Gabriel Benincasa es un joven contable de temperamento sumamente prudente, al menos hasta el día en que se compra un par de botas que insinúan en él el deseo de la aventura, siempre que sea breve y placentera. Gabriel, en realidad, sólo quiere “dar un paseo” por el bosque de Misiones, donde su padrino comercia con madera, para experimentar nuevas emociones en un entorno desconocido y salvaje. Y aquí va en barco por el Paraná, con cuidado de no ensuciarse las botas, rumbo a un lugar cuyos peligros le parecen llenos de encanto, entre pájaros fabulosos, animales extraños y bestias feroces que, Gabriel no tiene dudas, con una buena Winchester podrá mantener a raya.

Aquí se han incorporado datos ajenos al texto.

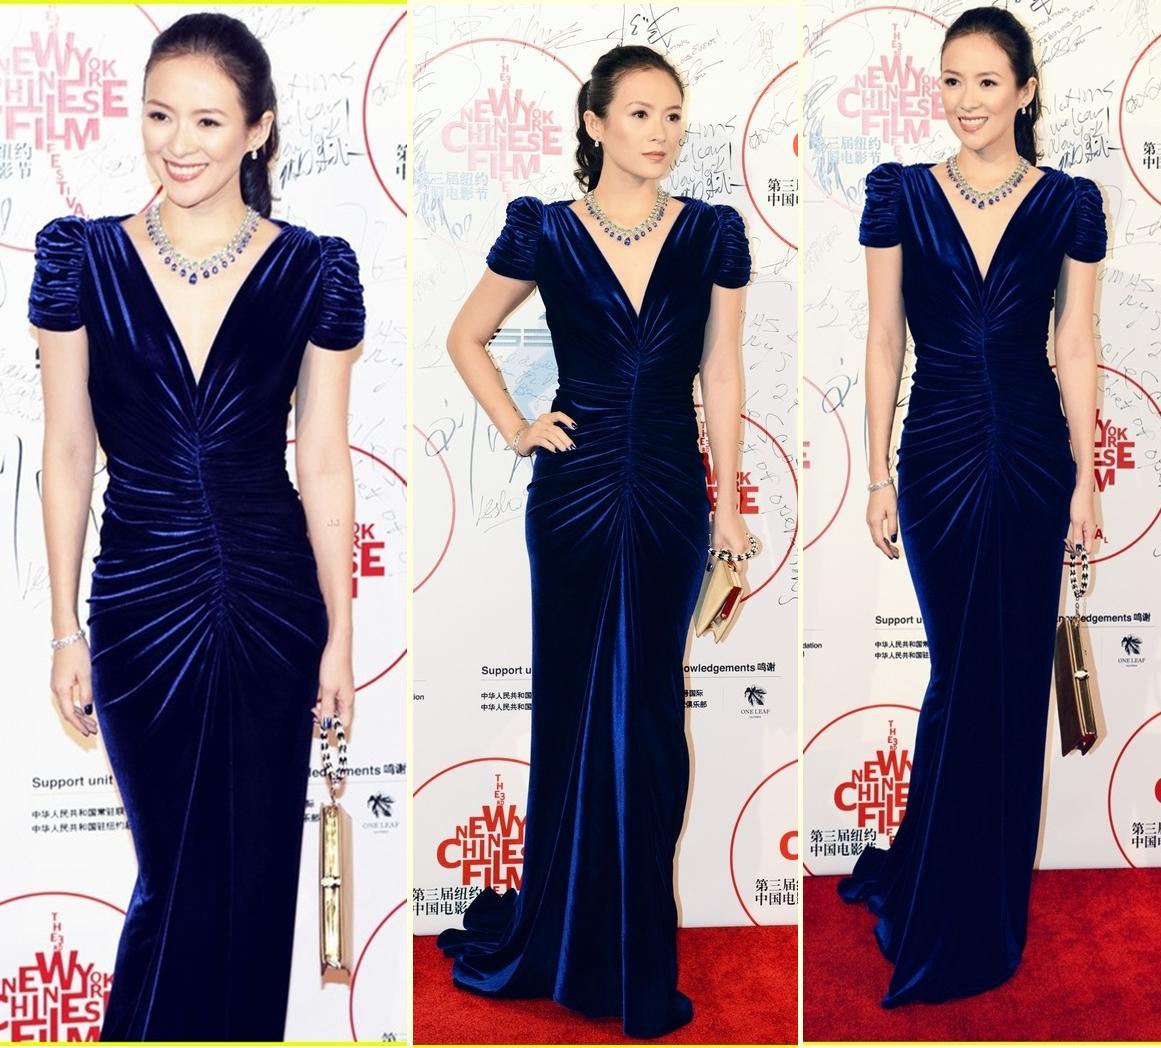 http://3.bp.blogspot.com/-8NWBfE1spAw/UIOjgwDBUSI/AAAAAAAAPD8/m80kkVdOMTc/s1600/ziyi-zhang-outstanding-artist-award-chinese-film-festival-01.JPG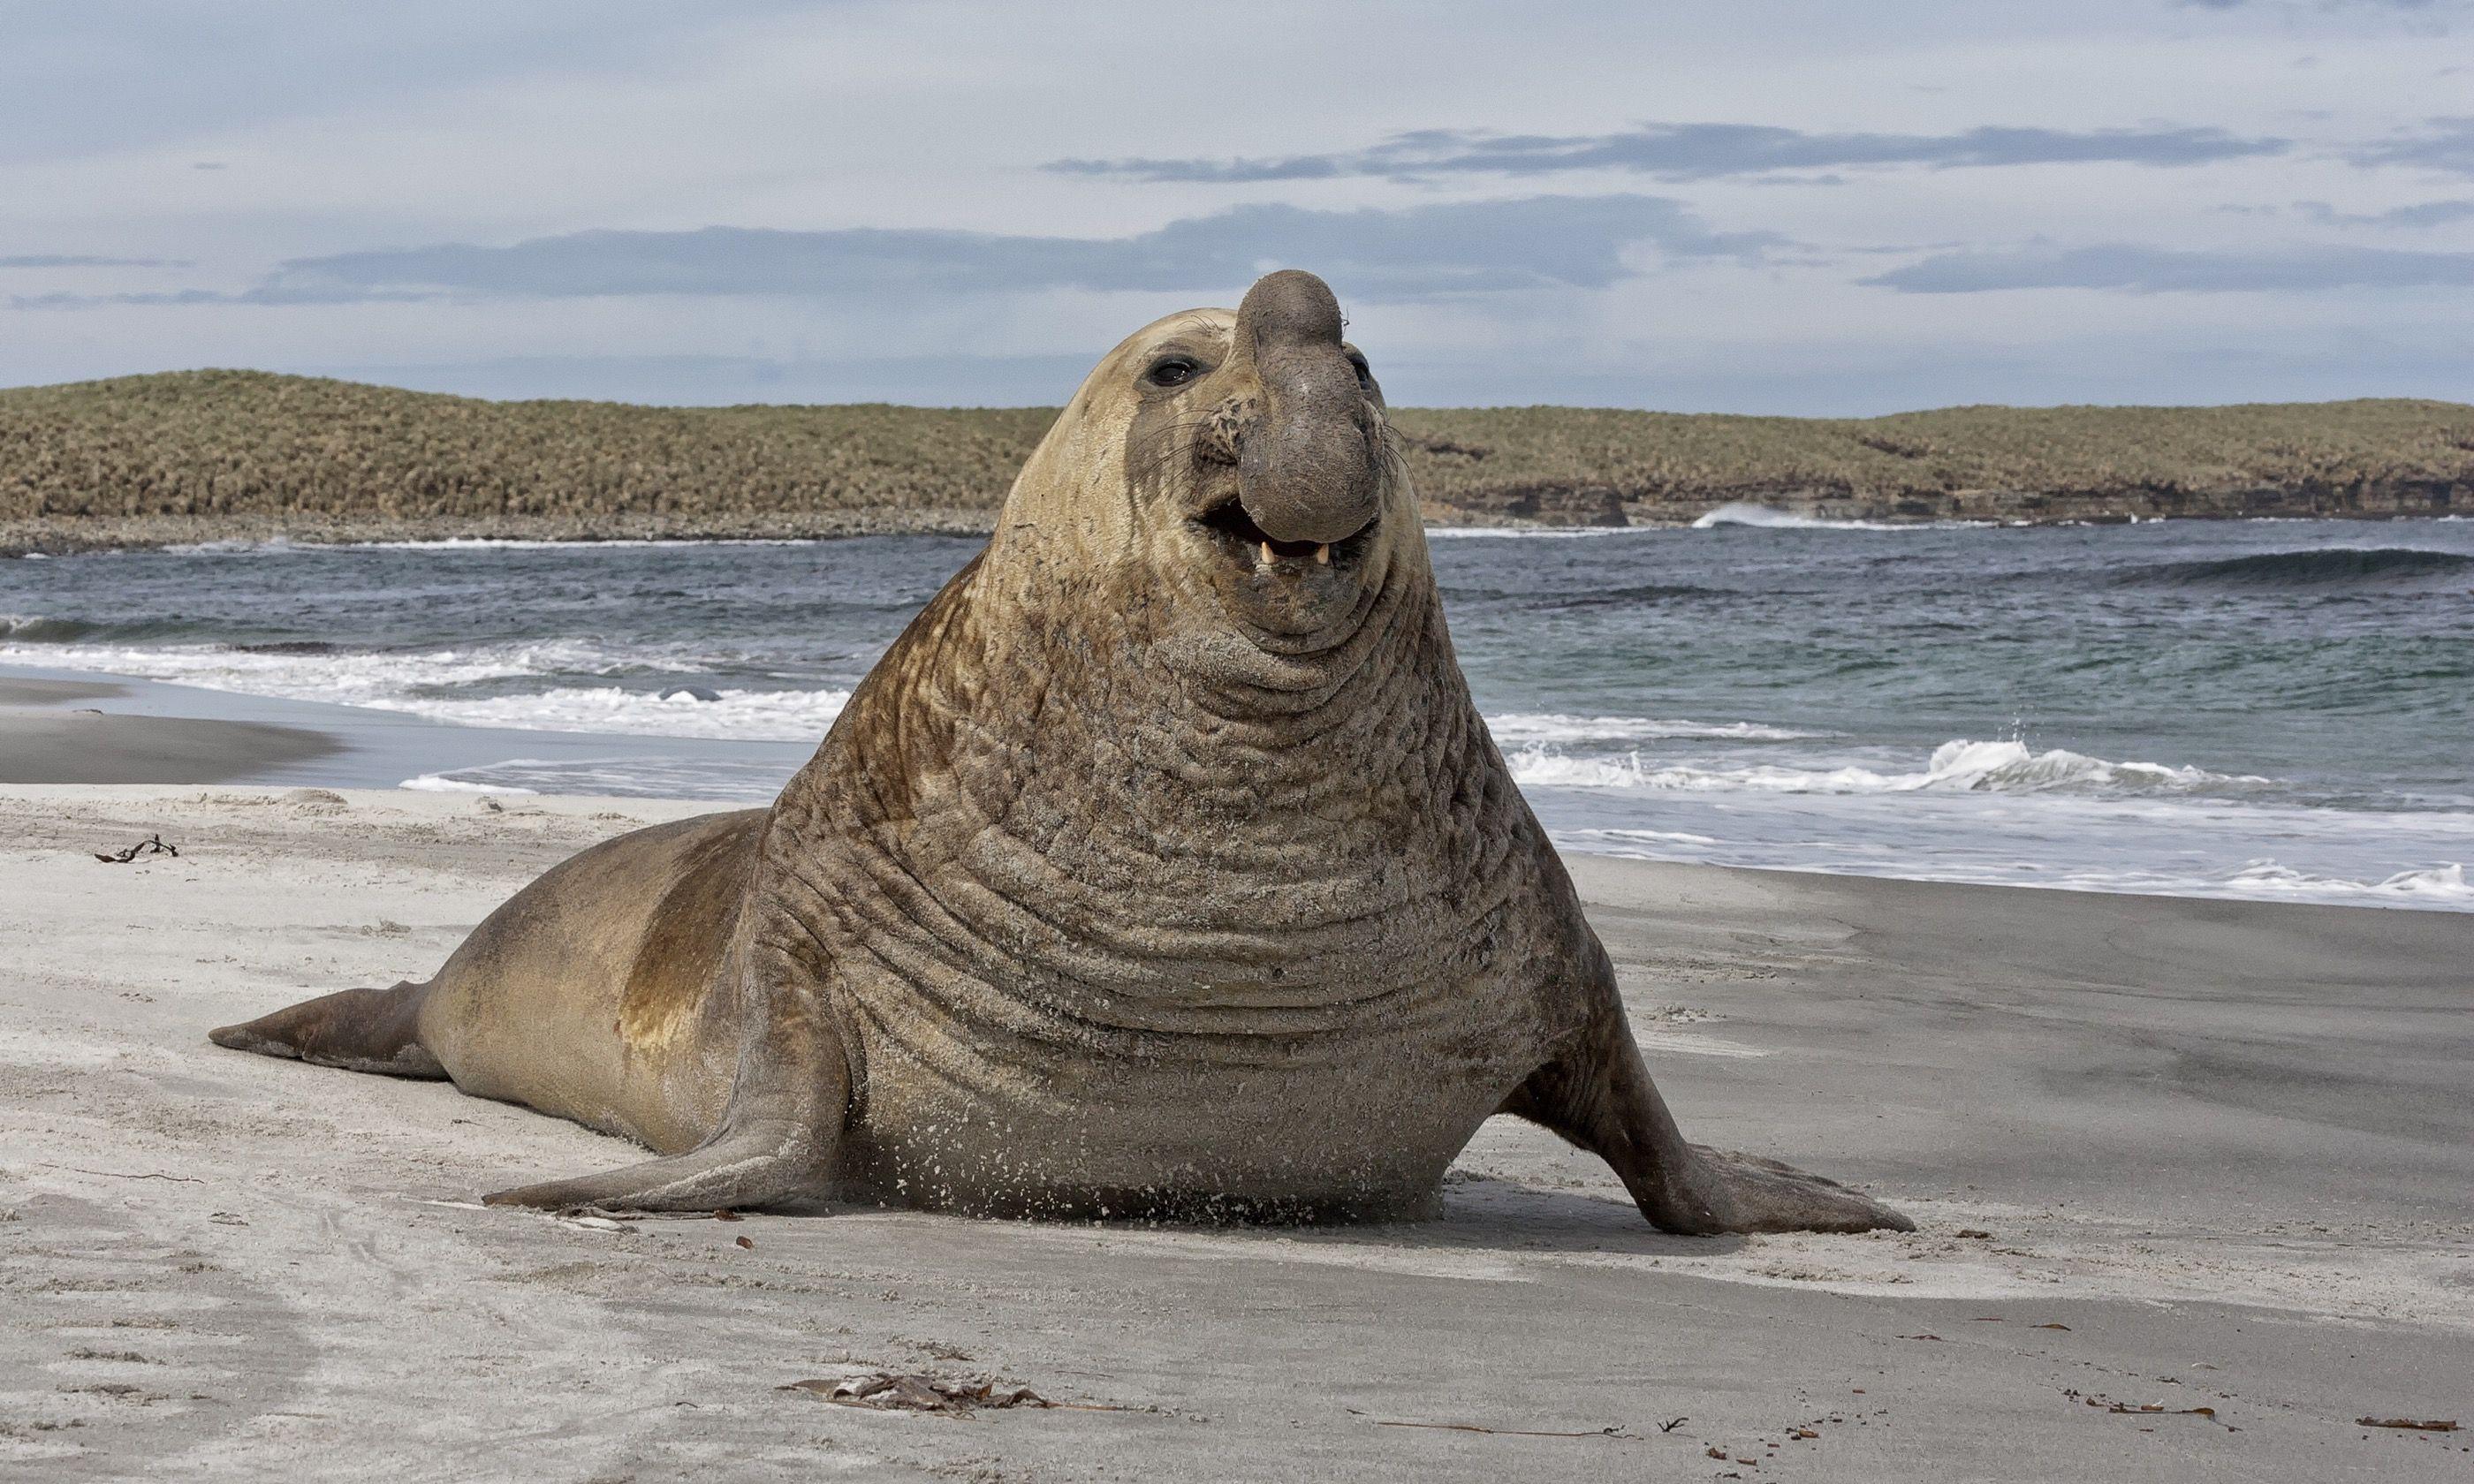 Southern elephant seal (Shutterstock.com)

Así comienza el cuento de Horacio Quiroga “La miel silvestre”, publicado en 1917: un relato cruel y a la vez irónico, porque el contador, que se adentra en la espesura con la actitud desenfadada de un turista orgulloso de su equipo, después de haber saqueado un tronco hueco lleno de miel, quedará paralizado ante ese manjar, elaborado por ciertas pequeñas abejas marrones a partir de polen con propiedades narcóticas. Bastarán unos segundos para que un río de hormigas carnívoras (conocidas como corrección, es decir, castigo) cubra su cuerpo inerte, despojándolo de carne hasta dejar sólo huesos, ropas y botas inexpugnables.

Quiroga, que tras un viaje a la provincia de Misiones (zona agreste fronteriza entre Argentina, Brasil y Paraguay) había comprado allí unas pocas hectáreas de tierra y en 1909 se había instalado allí con su familia, explica en las pocas páginas de La miel silvestre, una concepción de la naturaleza característica de su obra y presente en buena parte de los más de doscientos relatos que nos dejó. Para el escritor uruguayo, que en Misiones había encontrado un espacio para la vida y al mismo tiempo el material para su propia literatura, la irrupción irrespetuosa del ser humano y su comportamiento depredador marcan la ruptura de un equilibrio que la naturaleza tiende a restablecer, utilizando despiadadamente sus propias herramientas de defensa y acabando siempre por imponerse.

Sucumbirán no sólo aquellos que, como Gabriel, consideran al bosque un lugar de juego a su disposición, sino también los colonos que han venido de muy lejos y desconocen lo que les espera, los aventureros y los proscritos en busca de refugio y, obviamente, la multitud. de los miserables mensú –los trabajadores rurales “mensuales”– quienes se dedicaban a la destrucción de los recursos naturales en favor de empresas “que continuarían prosperando mientras el bosque tuviera árboles que talar y hombres que sangrar”, escribe Juan Carlos Onetti, un gran admirador de Quiroga, recordándolo con motivo del cincuentenario de su muerte.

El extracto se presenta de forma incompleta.